● TO DO
Word for word, restate the listing; omit the pictures.

● DATA EXCERPT
◇ ◇ ◇ ◇ ◇ ◇ ◇
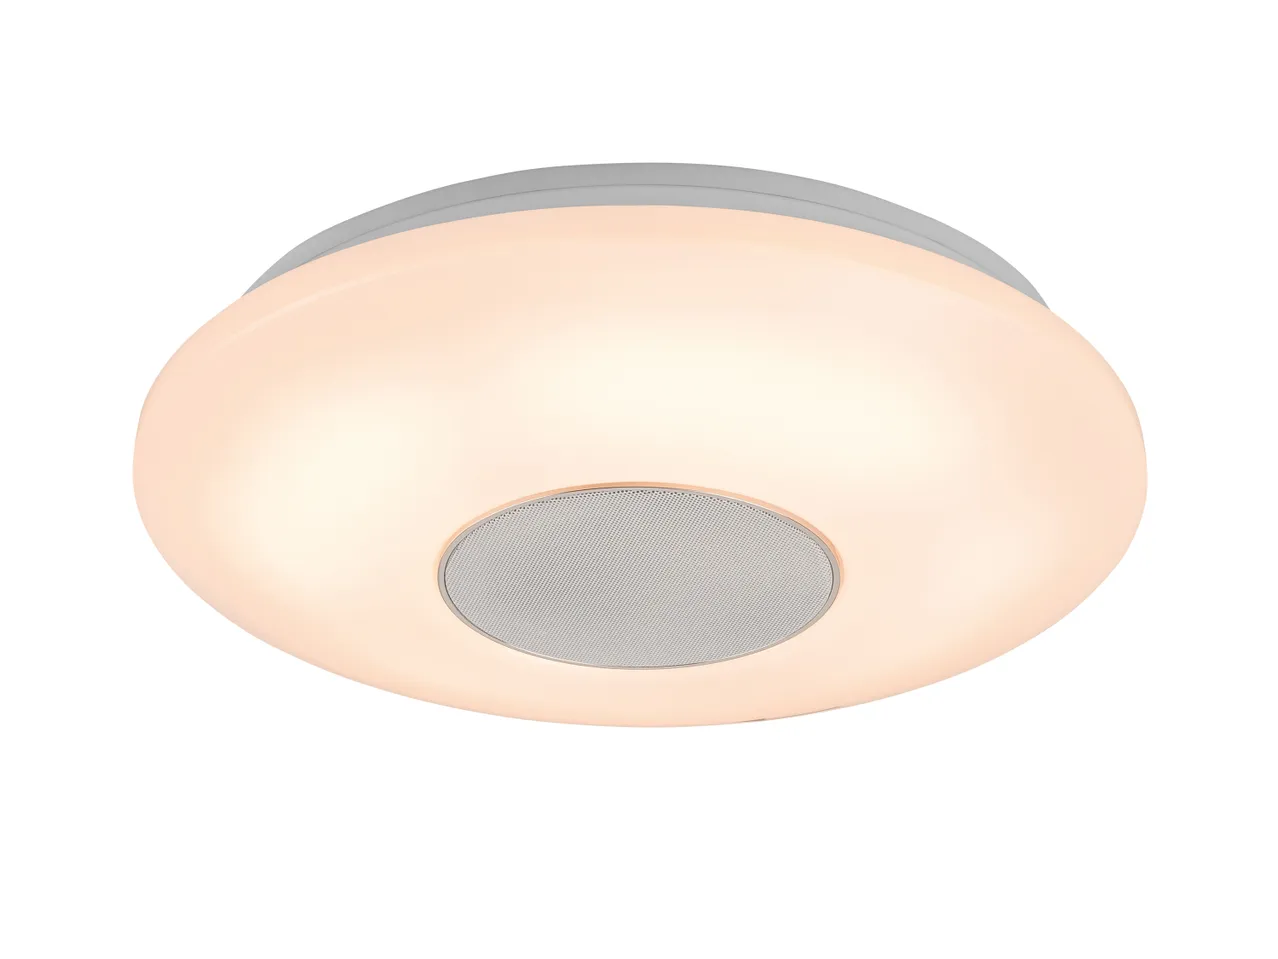 Lampada LED con altoparlante Bluetooth , prezzo 29,99 EUR 
Lampada LED con altoparlante ...
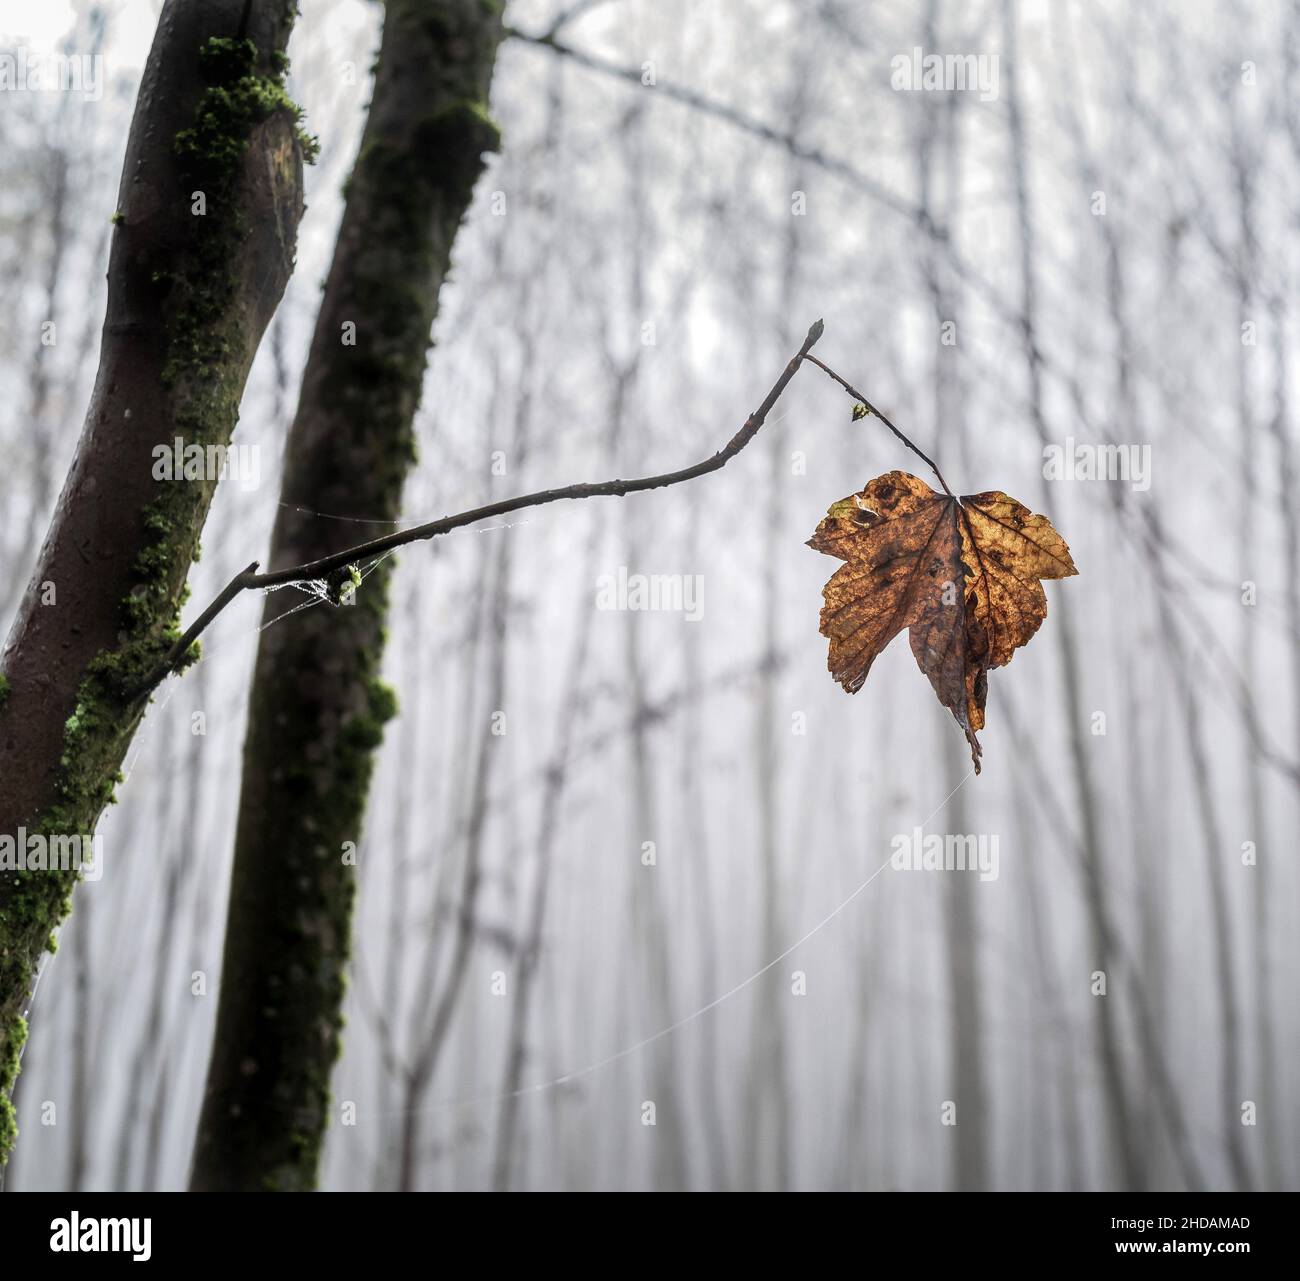 Ein Blatt hängt einsam auf einem AST eines Baumes im späten Herbst. Foto Stock
◇ ◇ ◇ ◇ ◇ ◇ ◇
● SOLVED PROBLEM
 Lampada LED con altoparlante Bluetooth , prezzo 29,99 EUR 
Lampada LED con altoparlante ...
 Ein Blatt hängt einsam auf einem AST eines Baumes im späten Herbst. Foto Stock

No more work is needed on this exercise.